**TASK DESCRIPTION**
Before returning the data, strip out the pictures and keep everything else exactly the same.

**DATA EXCERPT**

__________________________________________________

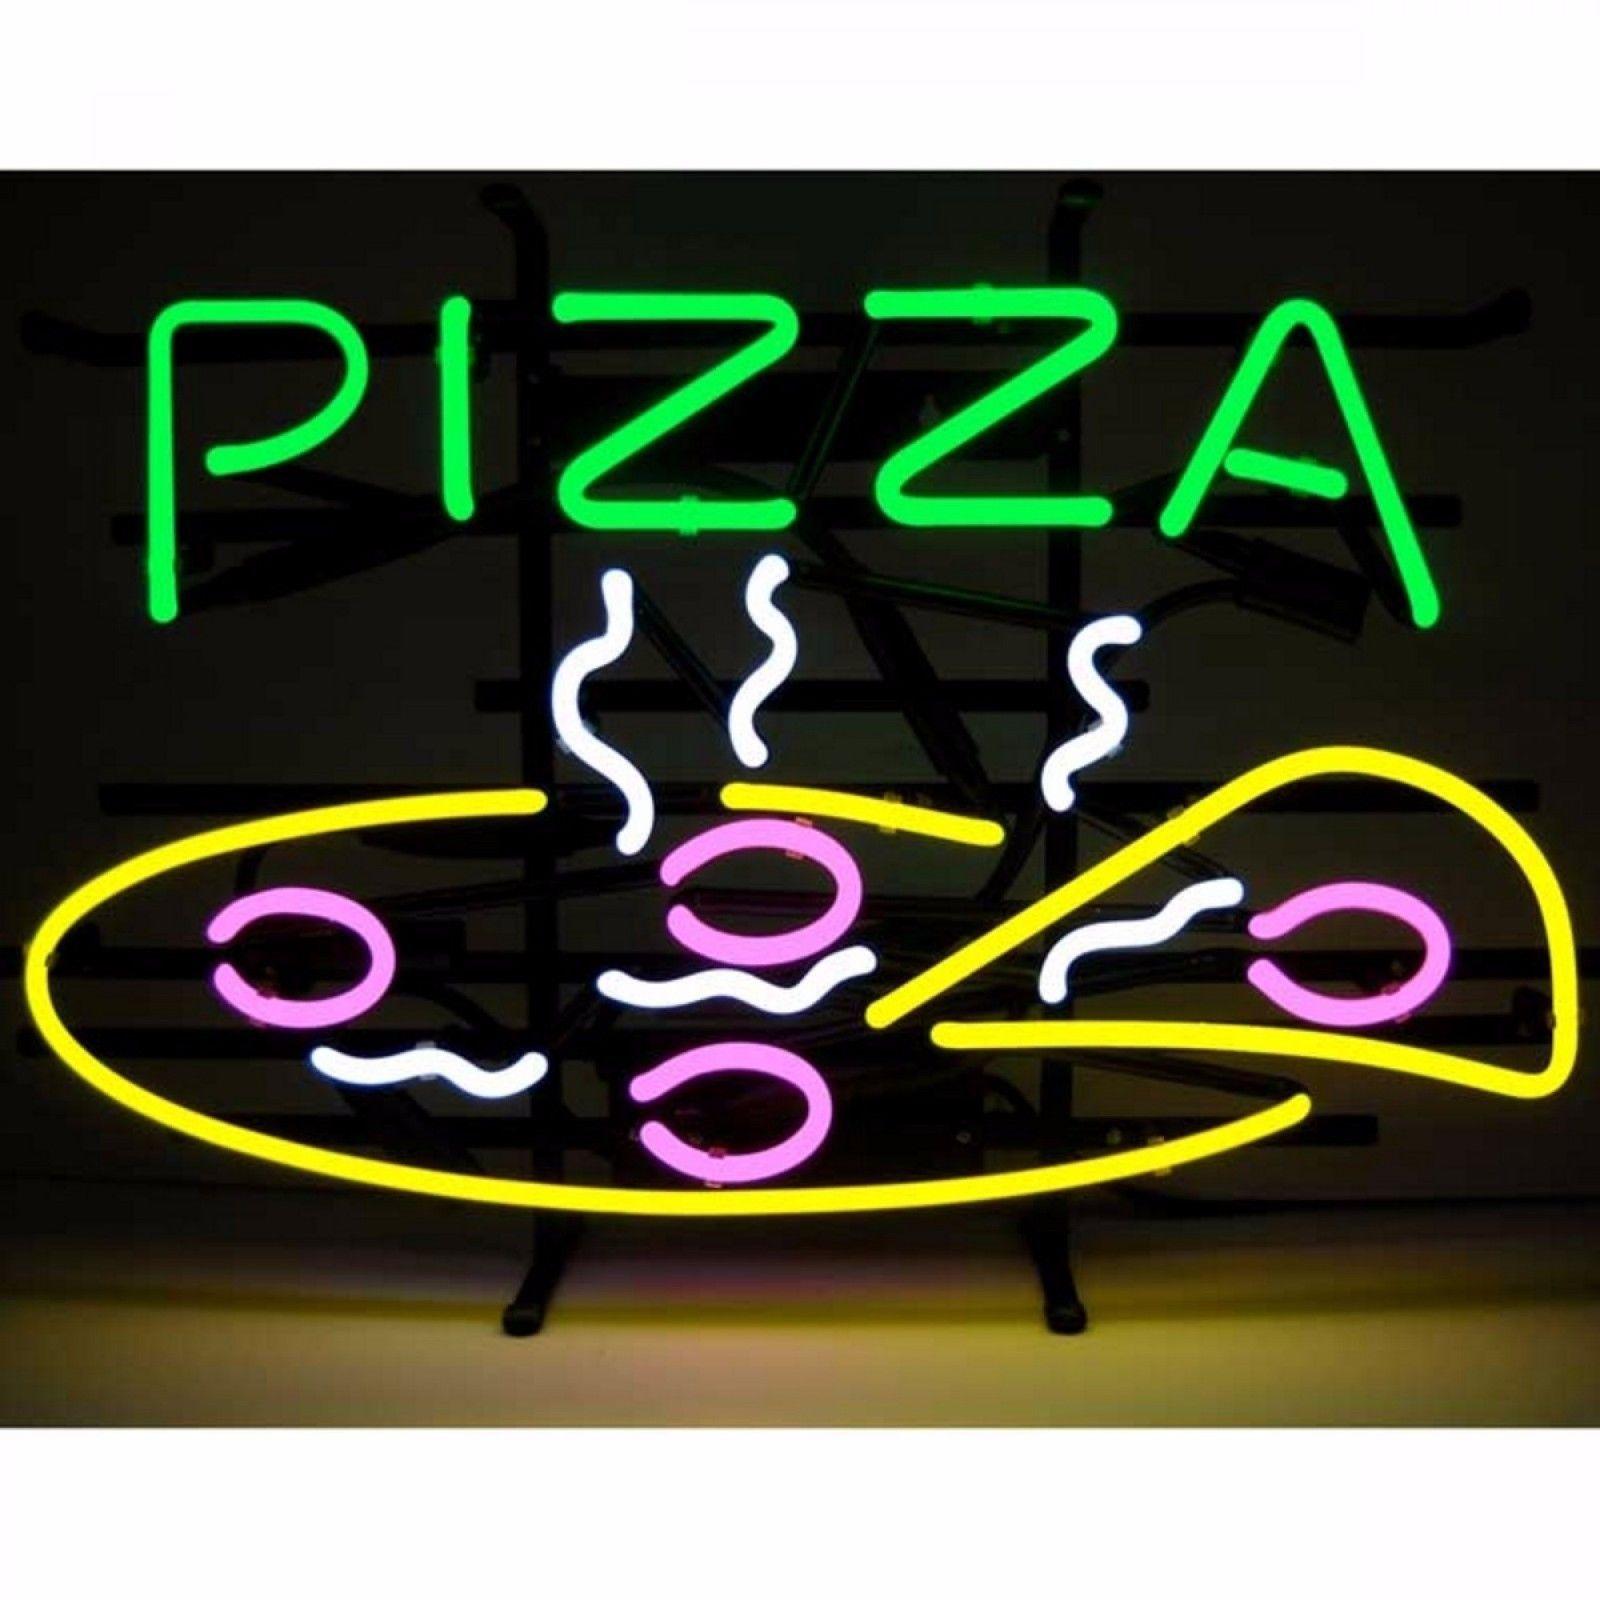 "New Pizza Shop Hamburger Business Open Man Cave Neon Light Sign 24""x20"""
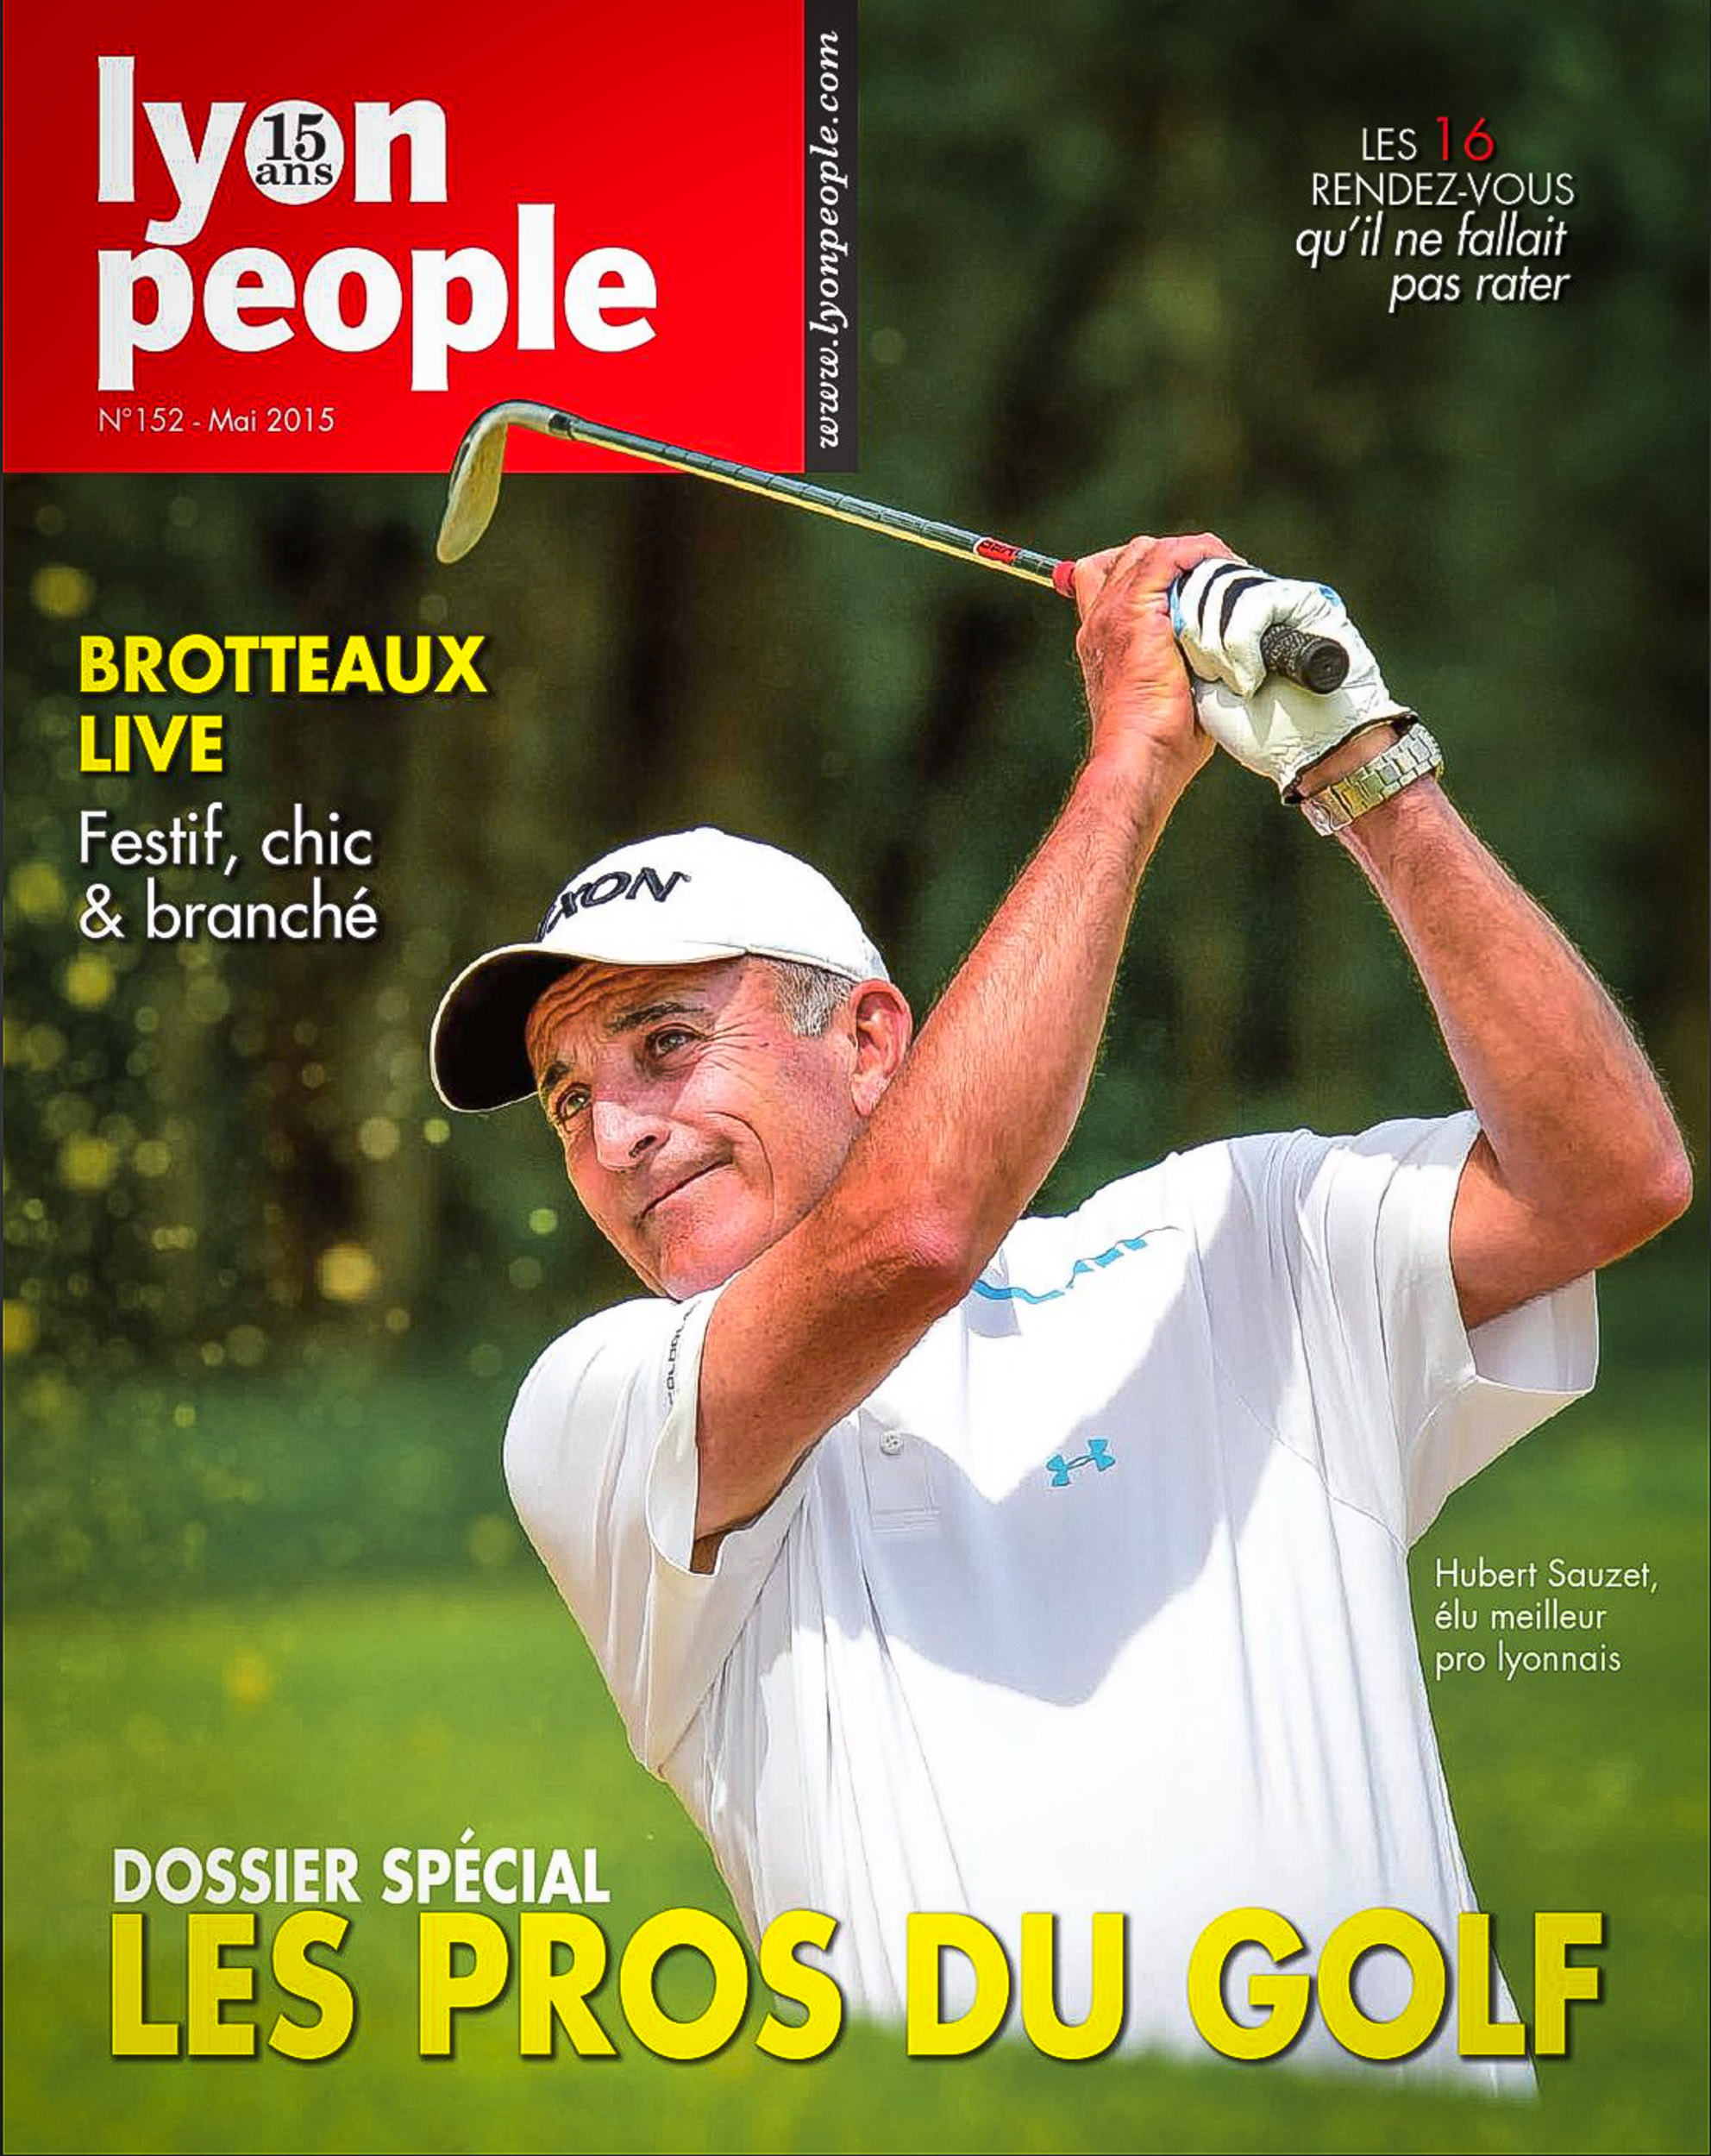 Couv Golf 1.jpg
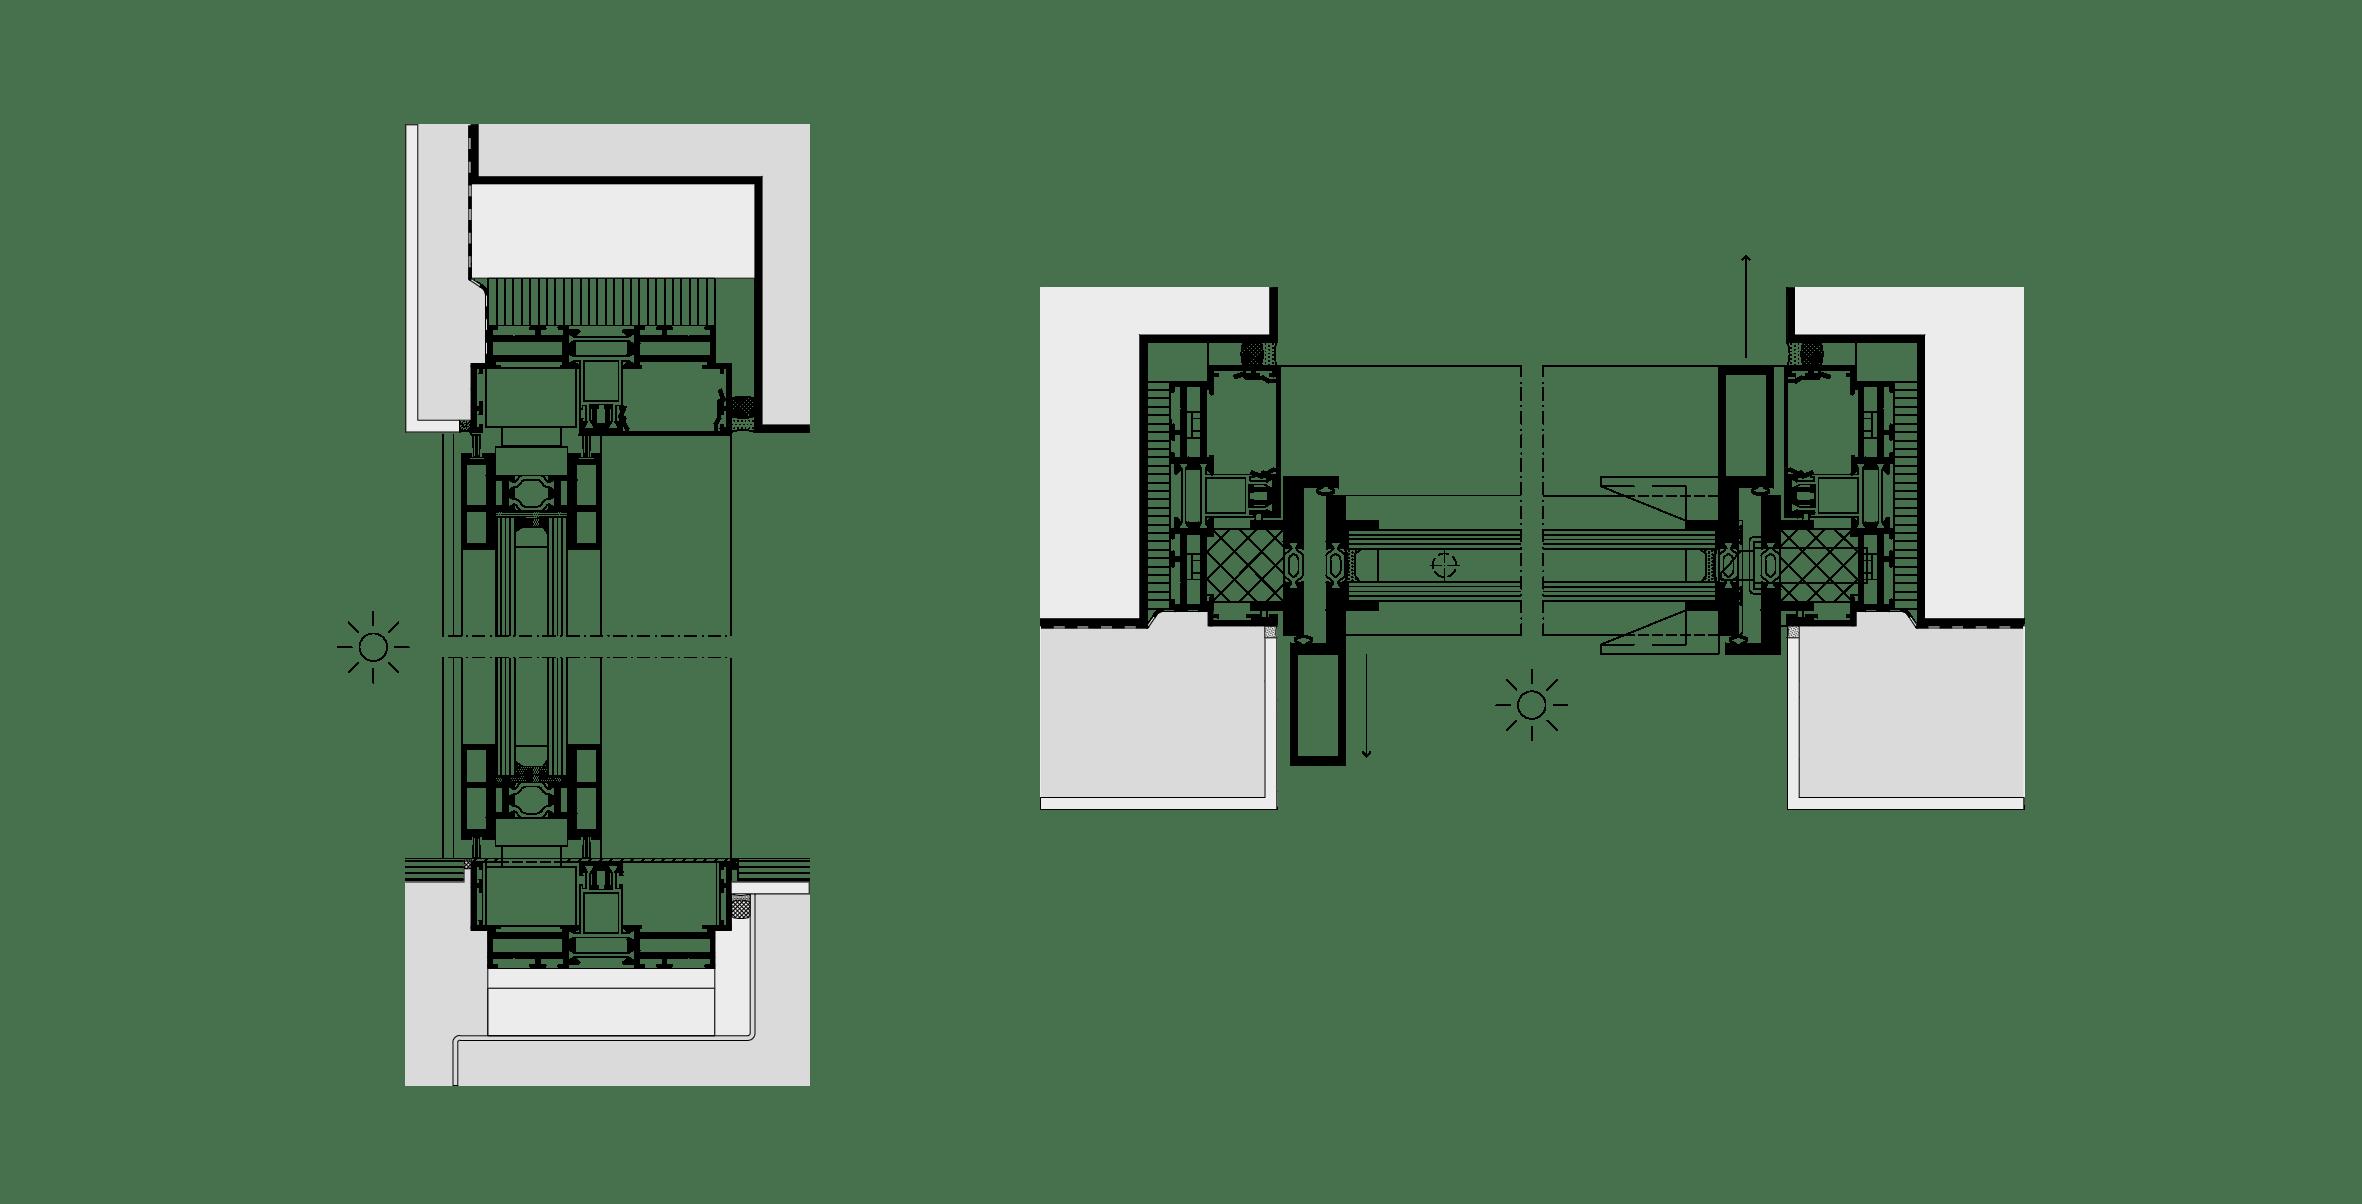 Technical Drawing Sky Frame Pivot.png 2362x1204 Q90 Subsampling 2

__________________________________________________

**RESPONSE BELOW**
 "New Pizza Shop Hamburger Business Open Man Cave Neon Light Sign 24""x20"""
 Couv Golf 1.jpg
 Technical Drawing Sky Frame Pivot.png 2362x1204 Q90 Subsampling 2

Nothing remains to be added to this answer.